I'd post pics but too many of you are sarcastic pricks :laugh: 

find me a link boys! or no pictars!!! :cheeky4:


----------



## Slick_Fugitive (Oct 15, 2006)

SlammedSL1 said:


> Where can I find the shorts the ring girls wear?
> 
> I want my girlfriend to have a pair :laugh:
> 
> They are sooo amazing! I think her ass would suit them well


OhHHHHHH, Lord have mercy!!!!!!!! Them Booty Shorts ... also my girlfriend gets mad whenever that Xyience commercial comes on with the girl who begins by sitting on the chair and opens the can ..lol


----------



## pt447 (Sep 1, 2006)

yeah, those were some hot-ass (pun definetly intended) shorts! i wanna buy them from her and make some tea form them...

wait, was that gross? sorry...


----------



## mrbalkie (Oct 11, 2006)

Slick_Fugitive said:


> OhHHHHHH, Lord have mercy!!!!!!!! Them Booty Shorts ... also my girlfriend gets mad whenever that Xyience commercial comes on with the girl who begins by sitting on the chair and opens the can ..lol


Dude my wife changes the station when the commercial comes on.


----------



## mrbalkie (Oct 11, 2006)

SlammedSL1 said:


> Where can I find the shorts the ring girls wear?
> 
> I want my girlfriend to have a pair :laugh:
> 
> They are sooo amazing! I think her ass would suit them well


so when your taking a picture of yourself modeling the shorts, make sure to shave your legs...:laugh:


----------



## Mr. Bungle (Oct 17, 2006)

The offical UFC website sells them

Here's a link.

UFC Store - Women's Apparel


----------



## Slick_Fugitive (Oct 15, 2006)

mrbalkie said:


> Dude my wife changes the station when the commercial comes on.

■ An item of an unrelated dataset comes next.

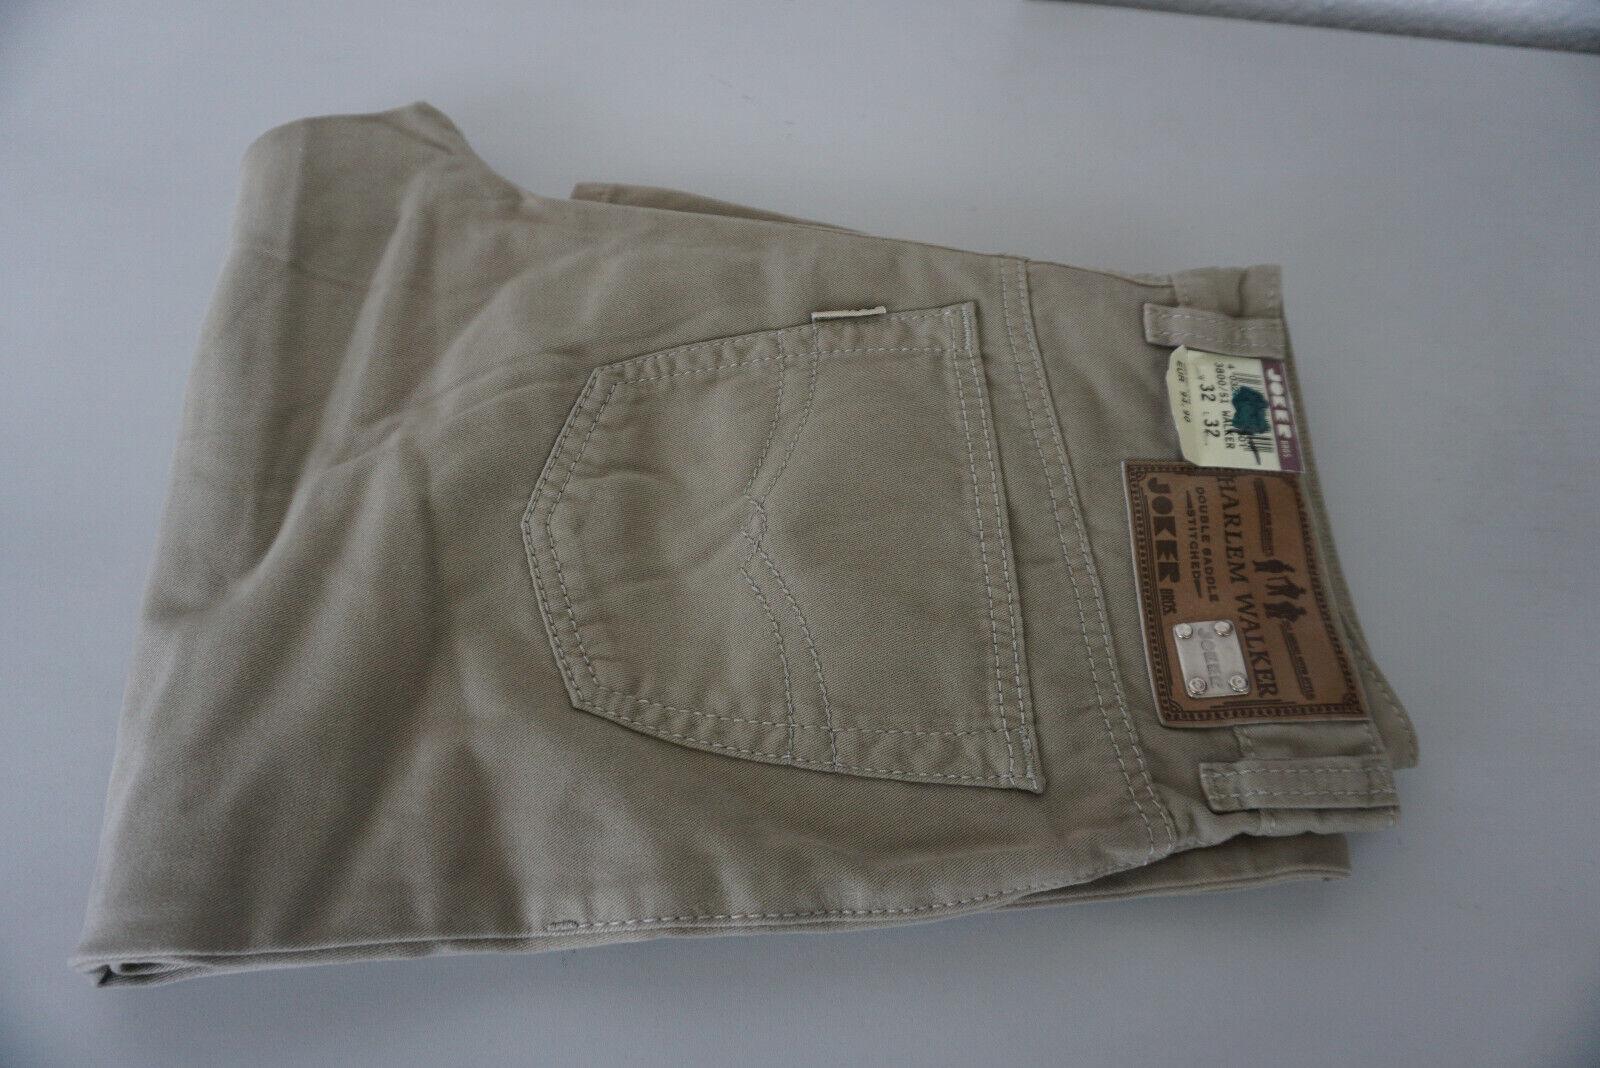 Harlem Walker By Joker Jeans Pantaloni men 32 32 W32 L32 Kaki Beige Nuovo  CX8

Oh Baby that girl is the best, shakes her ass for us ... does a little dance ... yup after the commercial my girlfriend got lucky ...lol


----------



## mrbalkie (Oct 11, 2006)

Slick_Fugitive said:


> Oh Baby that girl is the best, shakes her ass for us ... does a little dance ... yup after the commercial my girlfriend got lucky ...lol


why, did you leave?:laugh: :laugh: :laugh: :laugh: :laugh:


----------



## Slick_Fugitive (Oct 15, 2006)

mrbalkie said:


> why, did you leave?:laugh: :laugh: :laugh: :laugh: :laugh:


Ouch - and she'd be pissed if she saw that post ...lol


----------



## SlammedSL1 (Jul 22, 2006)

Thanks for the link :thumbsup: 

Will order soon, Ill get pics, no worries


----------



## BrutalKO (Oct 5, 2006)

...SlammedSL1...you can order Octagon girl shorts through the UFC store online. The Octagon/Pride girls look soooooooooooo fine. I think getting a pair for your woman is great...I did, and when she puts them on late at night for me...OMG...totally hot! I instantly get her in a Rear Naked Choke....lol! Peace


----------



## thebroken (Jul 11, 2006)

haha as much as making fun of this topic is tempting.. i do want to help him out.. 

i tried searching (google) but to no avail...

have you tried the UFC store? tapout store?


----------



## Zenhalo (Sep 9, 2006)

Spit206Fire said:


> lol sorta the same thing.
> 
> 
> btw that ass was superb.



Yeah but your sister's ass from 1/1/1997 when you were 10 does not count.


----------



## Spit206Fire (Jul 17, 2006)

haha ya ok, to bad its with one of those shitty film camera's that use's AAA batterys.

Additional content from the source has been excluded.